> Moreover, a hallucination is a pathology. It's something that happens when systems are not working properly.
> When an LLM fabricates a falsehood, that is not a malfunction at all. The machine is doing exactly what it has been designed to do: guess, and sound confident while doing it.
> When LLMs get things wrong they aren't hallucinating. They are bullshitting.
Very important distinction and again, shows the marketing bias to make these systems seem different than they are.
If we want to be pedantic about language, they aren't bullshitting. Bulshitting implies an intent to deceive, whereas LLMs are simply trying their best to predict text. Nobody gains anything from using terms closely related to human agency and intentions.
The authors of this website have published one of the famous books on the topic[0] (along with a course), and their definition is as follows:
"Bullshit involves language, statistical figures, data graphics, and other forms of presentation intended to persuade by impressing and overwhelming a reader or listener, with a blatant disregard for truth and logical coherence."
It does not imply an intent to deceive, just disregard for whether the BS is truth or not. In this case, I see how the definition can apply to LLMs in the sense that they are just doing their best to predict the most likely response.
If you provided them with training data where the majority inputs agree on a common misconception, they will output similar content as well.
The authors have a specific definition of bullshit that they contrast with lying. In their definition, lying involves intent to deceive; bullshitting involves not caring if you’re deceiving.
Lesson 2, The Nature of Bullshit: “BULLSHIT involves language or other forms of communication intended to appear authoritative or persuasive without regard to its actual truth or logical consistency.”
I think the first part of that statement requires more evidence or argumentation, especially since models have shown the ability to practice deception. (you are right that they don't _always_ know what they know)

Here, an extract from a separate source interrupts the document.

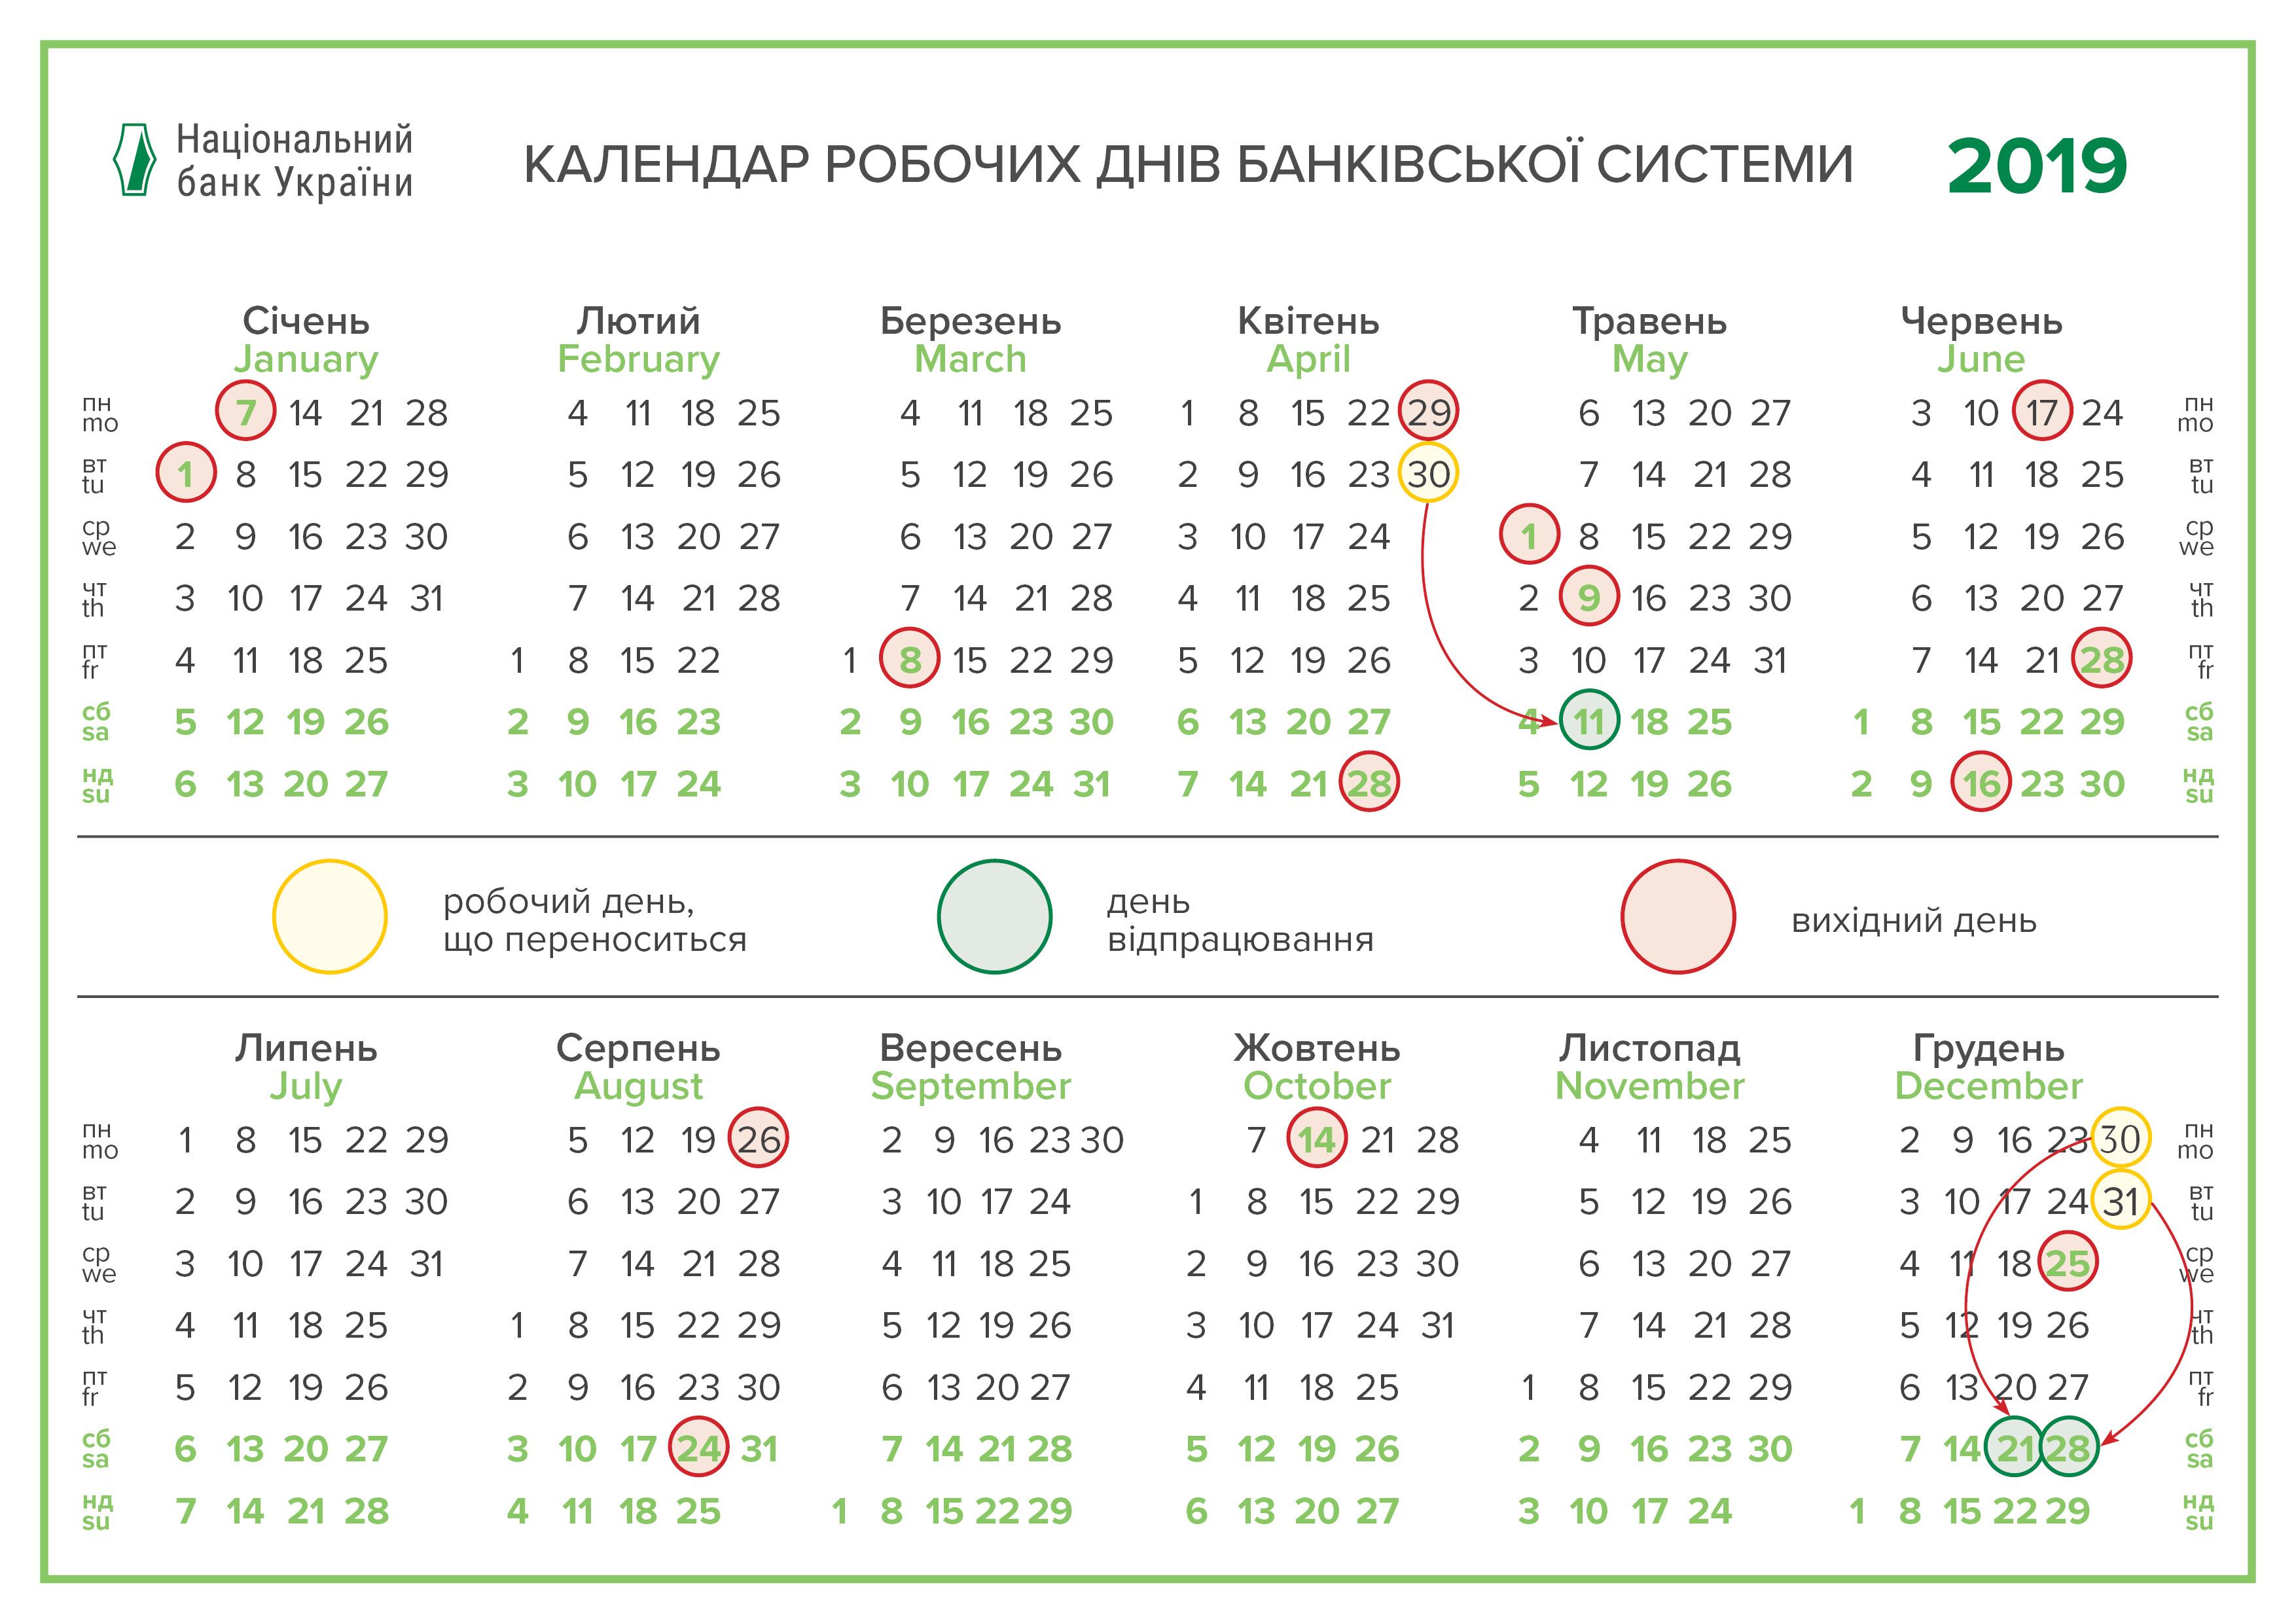 график работы банков

But sometimes when humans make things up they also don't have the knowledge they may be wrong. It's like the reference to "known unknowns" and "unknown unknowns". Or Dunning-Kruger personified. Basically you have three categories:
(1) Liars know something is false and have an intent to deceive (LLMs don't do this)
(2) Bullshitters may not know/care whether something is false, but they are aware they don't know
(3) Bullshitters may not know something is false, because they don't know all the things they don't know
The pZombie type level where we look at the LLM as if it were a black box and simply account for its behavior. At this level LLM's claim to have knowledge and also claim knowledge of their limited knowledge "I can't actually taste". So approached from this direction we are in (2) they have awareness that there are some things that they don't know, but this awareness doesn't prevent them from pretending to this knowledge.
If we consider it from the perspective of knowing what's happening inside LLM's then I think the picture is different. The LLM is doing next word prediction with constant compute time per token - the algorithm is quite clear. We know this is true because it runs on llama.cpp or mlx on our macbooks as well on the farms of B200's that we fear will destroy the atmosphere. So LLM's don't have any actual operational knowledge of the logic of their utterances (dunning kruger, dunning kruger...) What I mean is that the LLM can't/isn't analysing what it says, it's just responding to stimulus. Humans do do this as well - it's easy to just chatter away to other people like a canary, but humans also can analysis what they are saying and strategically manipulate the messages that they create. So I would say that LLMs cannot be concerned about what they do or don't know - the concern rests with us when we challenge them (or not) by asking "how can you know that chocolate tastes better than strawberry - you have never tasted either".
If you make an LLM which design goal is to state "I do not know" any answer that is not directly in its training set, then all of the above statements don't hold.
> When an LLM fabricates a falsehood, that is not a malfunction at all. The machine is doing exactly what it has been designed to do: guess, and sound confident while doing it.
> When LLMs get things wrong they aren't hallucinating. They are bullshitting.
Very important distinction and again, shows the marketing bias to make these systems seem different than they are.